[[ Entries shown open ]]
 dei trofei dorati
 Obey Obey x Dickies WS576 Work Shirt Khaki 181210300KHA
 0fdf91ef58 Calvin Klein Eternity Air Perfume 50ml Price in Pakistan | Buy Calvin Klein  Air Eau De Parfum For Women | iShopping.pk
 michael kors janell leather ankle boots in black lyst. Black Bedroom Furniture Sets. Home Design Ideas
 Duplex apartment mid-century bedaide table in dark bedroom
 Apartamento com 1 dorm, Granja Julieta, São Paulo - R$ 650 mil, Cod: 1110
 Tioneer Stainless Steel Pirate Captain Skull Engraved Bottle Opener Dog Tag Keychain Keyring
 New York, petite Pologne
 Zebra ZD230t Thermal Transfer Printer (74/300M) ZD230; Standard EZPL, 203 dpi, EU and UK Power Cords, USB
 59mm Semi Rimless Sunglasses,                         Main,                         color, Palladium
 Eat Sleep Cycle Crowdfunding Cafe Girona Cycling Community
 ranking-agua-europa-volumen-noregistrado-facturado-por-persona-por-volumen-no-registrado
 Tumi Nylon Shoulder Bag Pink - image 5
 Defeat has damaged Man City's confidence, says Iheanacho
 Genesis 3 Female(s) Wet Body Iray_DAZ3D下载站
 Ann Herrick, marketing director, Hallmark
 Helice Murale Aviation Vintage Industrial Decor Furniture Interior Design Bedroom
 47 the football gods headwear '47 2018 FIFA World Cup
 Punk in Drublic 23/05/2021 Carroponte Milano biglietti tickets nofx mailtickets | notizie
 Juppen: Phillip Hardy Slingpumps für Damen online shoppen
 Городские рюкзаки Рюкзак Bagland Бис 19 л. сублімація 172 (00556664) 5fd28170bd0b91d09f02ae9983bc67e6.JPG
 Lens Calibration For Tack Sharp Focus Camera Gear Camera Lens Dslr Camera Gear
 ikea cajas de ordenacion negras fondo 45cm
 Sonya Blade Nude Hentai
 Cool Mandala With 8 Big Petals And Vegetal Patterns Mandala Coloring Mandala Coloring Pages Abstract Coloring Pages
[[ Entries shown closed ]]
• **Work item**
Locate the line that contains "Punk in Drublic", then please quote it and every line after it to the end of the entries above, exactly and with nothing else.

• **Task answer**
 Punk in Drublic 23/05/2021 Carroponte Milano biglietti tickets nofx mailtickets | notizie
 Juppen: Phillip Hardy Slingpumps für Damen online shoppen
 Городские рюкзаки Рюкзак Bagland Бис 19 л. сублімація 172 (00556664) 5fd28170bd0b91d09f02ae9983bc67e6.JPG
 Lens Calibration For Tack Sharp Focus Camera Gear Camera Lens Dslr Camera Gear
 ikea cajas de ordenacion negras fondo 45cm
 Sonya Blade Nude Hentai
 Cool Mandala With 8 Big Petals And Vegetal Patterns Mandala Coloring Mandala Coloring Pages Abstract Coloring Pages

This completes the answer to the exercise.